Using Time as a Truth Filter
The latest idea I’m obsessed with is from Peter Kaufman via the Farnham Street blog.
It’s called the multidisciplinary approach to thinking, a method that helps you know if your claim is right.
It goes like this.
Large sample sizes are a statistician’s best friend. If a sample size is large enough, it can give you high degree of certainty in an outcome. The longer the time horizon something has been right, the more likely it is to continue to be right.
Along these lines, there are three buckets of time that you should run your thinking through. The length of physical laws, also known as the length of the universe. The length of organic matter. And the length of human nature.
The first bucket, the length of physical laws (~13.8B years), is the largest sample size.
If something has been true for all of time, then it will continue to be true. The laws of physics don’t change. Our understanding of them only does.
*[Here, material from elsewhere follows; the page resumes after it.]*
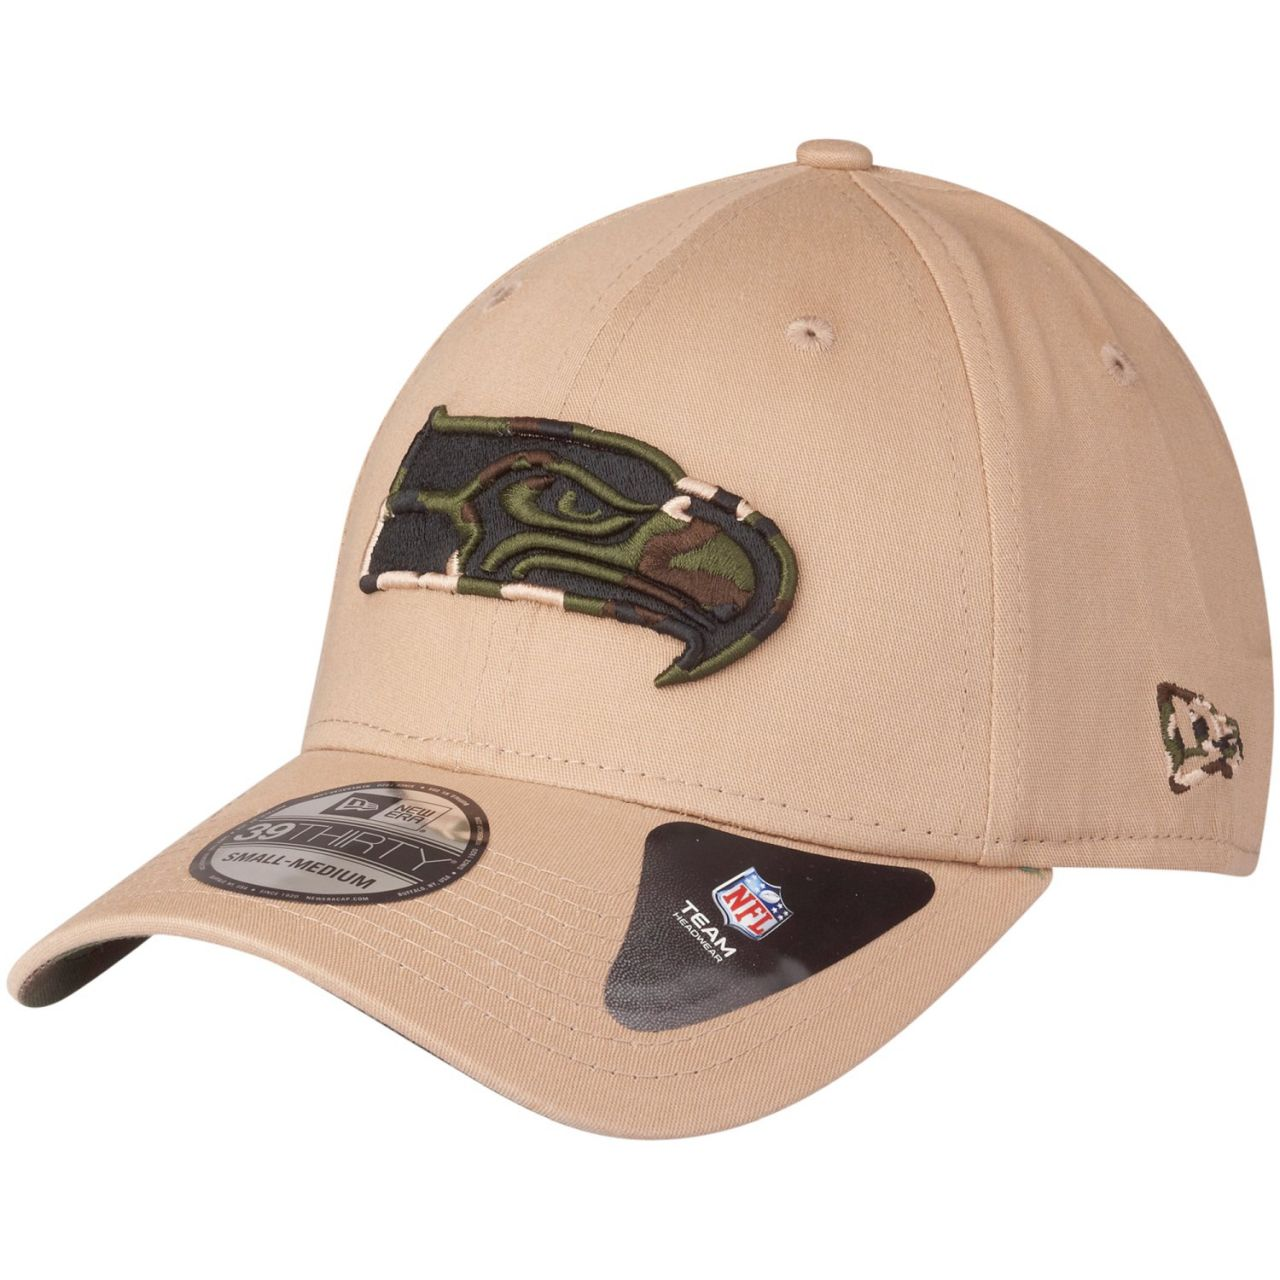 amfoo - New Era 39Thirty Stretch Cap - CAMO Seattle Seahawks

These laws are axiomatic–true everywhere, always.
The second bucket goes back to the origins of biology and our planet, a ~3.5B year-old sample size.
While laws on Earth aren’t always as self-evident as the laws of physics, they are probabilistic—much more likely to be true than their alternatives.
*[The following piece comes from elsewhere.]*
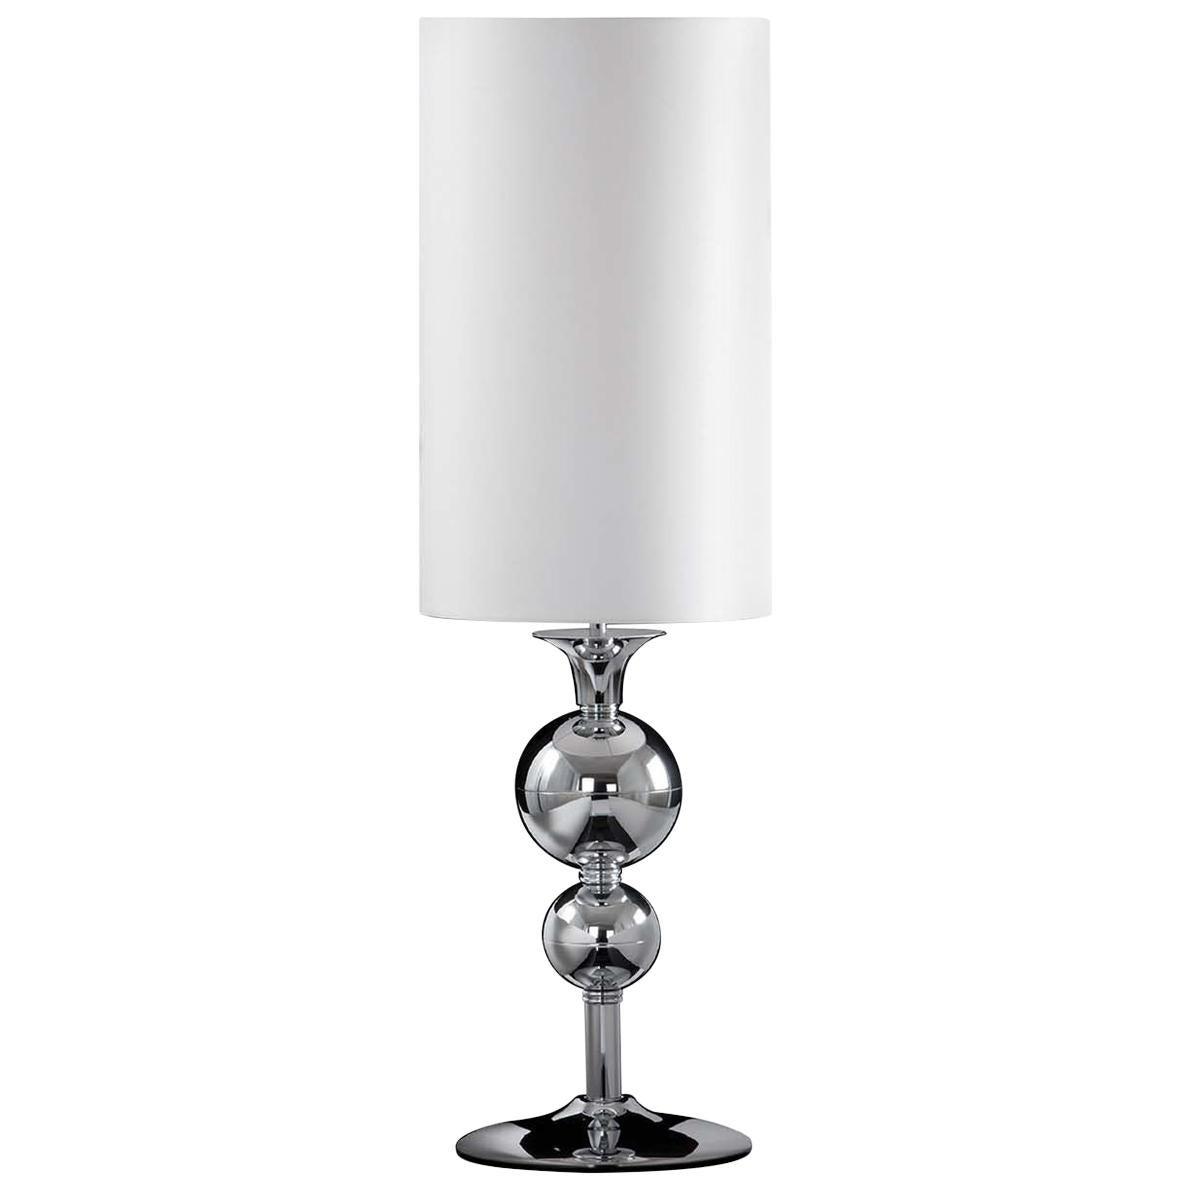 Ginevra Table Lamp

Biology and chemistry are refined periodically. But rarely do we make new findings that lead to substantive changes in our understanding of organic matter. And while our understanding of biological science can change, it’s on solid ground.
The final bucket is the length of human nature and the knowledge we’ve accumulated about people.
As far as recorded history, humans have created tools, told stories, sought companionship, made art and war, and more. When you run into something that has existed for the length of human history, then you know there’s a good chance it will continue to be true in the future.
If something has been true across all three buckets, you’ve struck gold.
You’re in the realm of something that is as right as law. It stands the test of time going back through the history of humans, organic matter, and inorganic matter.
Stress testing your ideas through these buckets is rarely done. But the reward for doing it is high.
Finding something that you can be certain of when others are unaware of it is a recipe for massive outlier success.